In the short term, if you've had her checked by the vet and then you've carefully investigatged all the issues of bit and headstall fit and adjustment, your best move may be to leave the headstall on, undo a cheekpiece first and gently ease the bit out of her mouth, and only THEN remove the headstall itself. To get her to open her mouth, you can either slide your thumb in the side of her mouth in the gap where the bit fits, and touch her tongue (just as you would do if you were asking her to open her mouth to take the bit when you're putting the bridle ON), or you could offer her a small treat. If she begins to associate the bit removal with (a) no pain anywhere and (b) a treat, she'll be halfway to lowering her head and opening her mouth to drop the bit.
Whatever you do, don't try to pull her head down with the reins, whether the bit is in her mouth or not. If you pull on the bit, it will hurt and her reaction will be to fling her head into the air. If you pull on her poll and ears - as will happen if the bit is no longer in her mouth but the headstall is still in place - it will hurt and her reaction will be to fling her head into the air. Give her a reason to WANT to put her head down and open her mouth.
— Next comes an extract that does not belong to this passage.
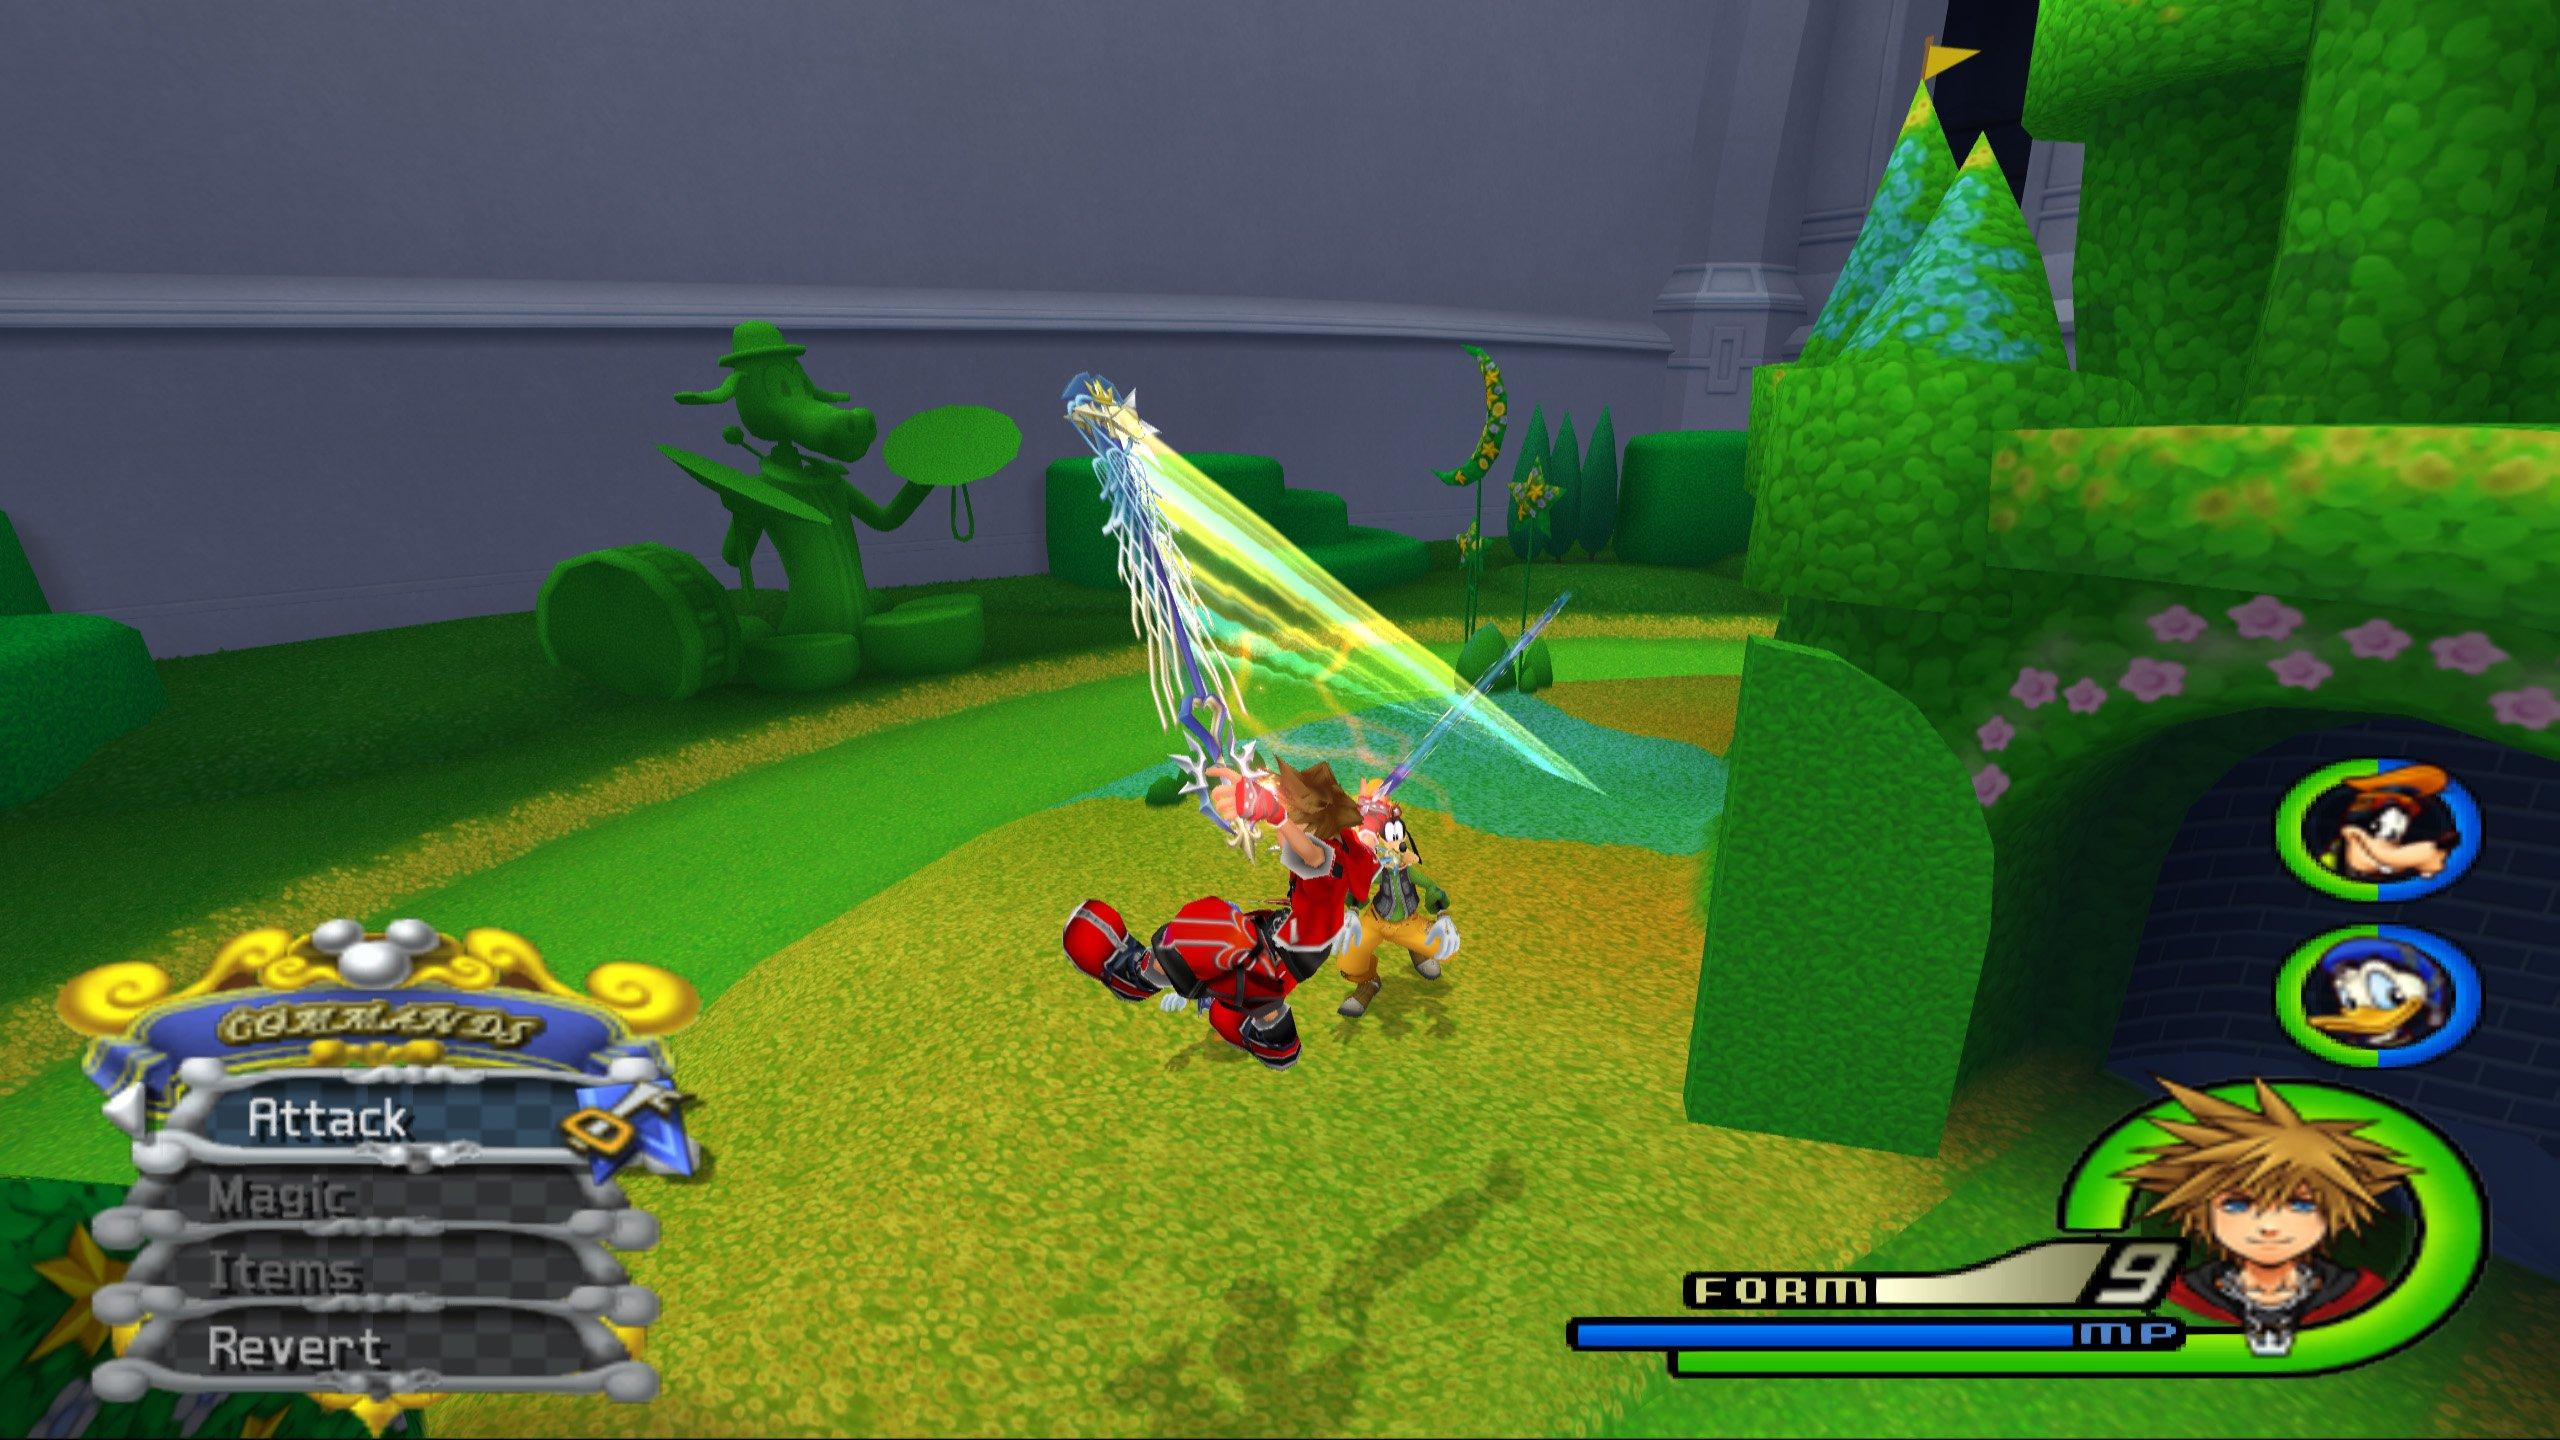 [Image: KH2_-_Gameplay_1.jpg]
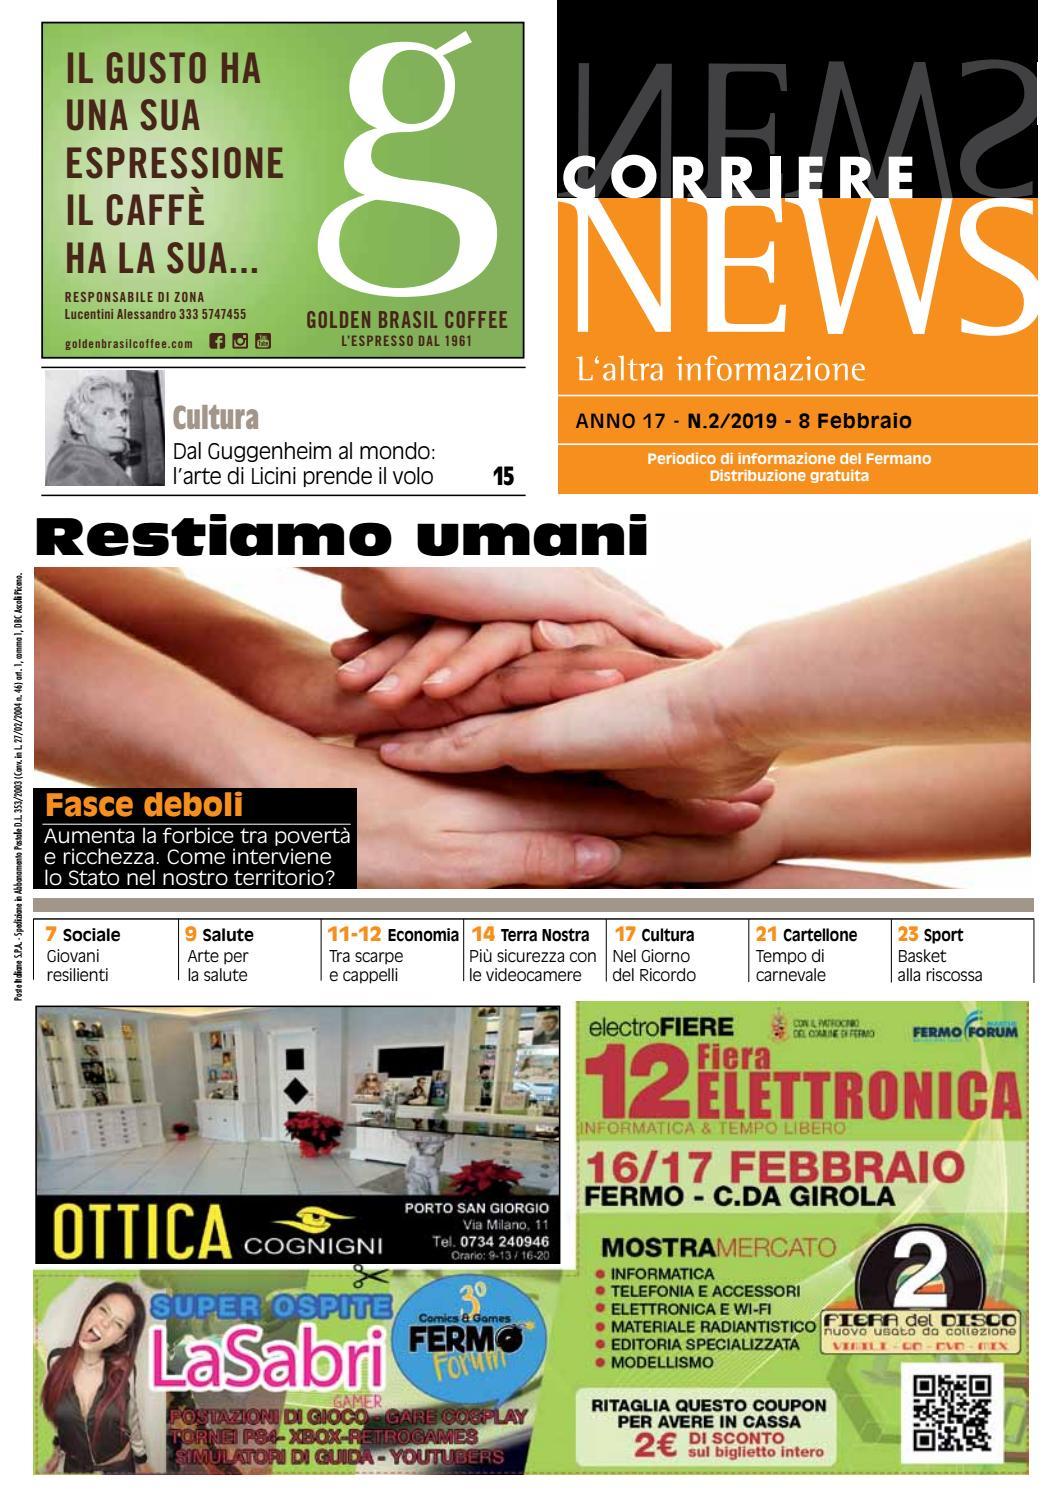 b3c66667894b CORRIERE NEWS FEBBRAIO 2019 by Corriere News - issuu

It's very possible that you haven't been doing anything wrong, but it's very likely that someone else - a previous owner, rider, or handler - DID do something wrong. Your mare's previous experience may have taught her to expect pain when the bridle is removed, either because someone jerked the bit out of her mouth or jerked the headstall roughly off her head, or because someone was in the habit of leaving the cavesson fastened and pulling the bridle off, which absolutely guarantees that the bit will slam against the horse's teeth. YOU would probably never do any of those things, but all your mare knows to expect is what she's already experienced. Your job, then, is to teach her a new set of expectations: that you will be calm, move slowly, give her a reason to drop her head and open her mouth, and teach her, over time, that nothing hurts when YOU are the one removing her bridle.
You might enjoy doing some clicker training with your mare. It's a grand way to give a horse a fresh start when it has learned to associate any process with pain or unpleasantness. Clicker training can give you a new way to teach your mare to stand quietly, lower her head, and open her mouth to let the bit drop out - provided, of course, that you are careful not to let the bit bang against her teeth on the way out. If you're interested, two excellent resources are Alexandra Kurland's "Clicker Training for Your Horse" and "The Click That Teaches."
Part of my philosophy of horsemanship is that "it's always the rider." This means that you are ultimately responsible for your horse's comfort, and that not only are you responsible for doing everything right yourself, but you are also responsible for making up for the wrong things that others have done in the past. It's a big responsibility, but it's one that we all take on with each of our horses. Any time you take on a horse that you haven't bred and raised yourself, you're likely to discover some problems that have unknown causes. You may have to make quite an effort over quite a lot of time to correct problems that other people have caused. That's the bad news, but it's accompanied by very good news: every single time you identify a problem, sympathize with the horse, and make it a point to dig for the underlying cause and then find a real solution, your horsemanship improves.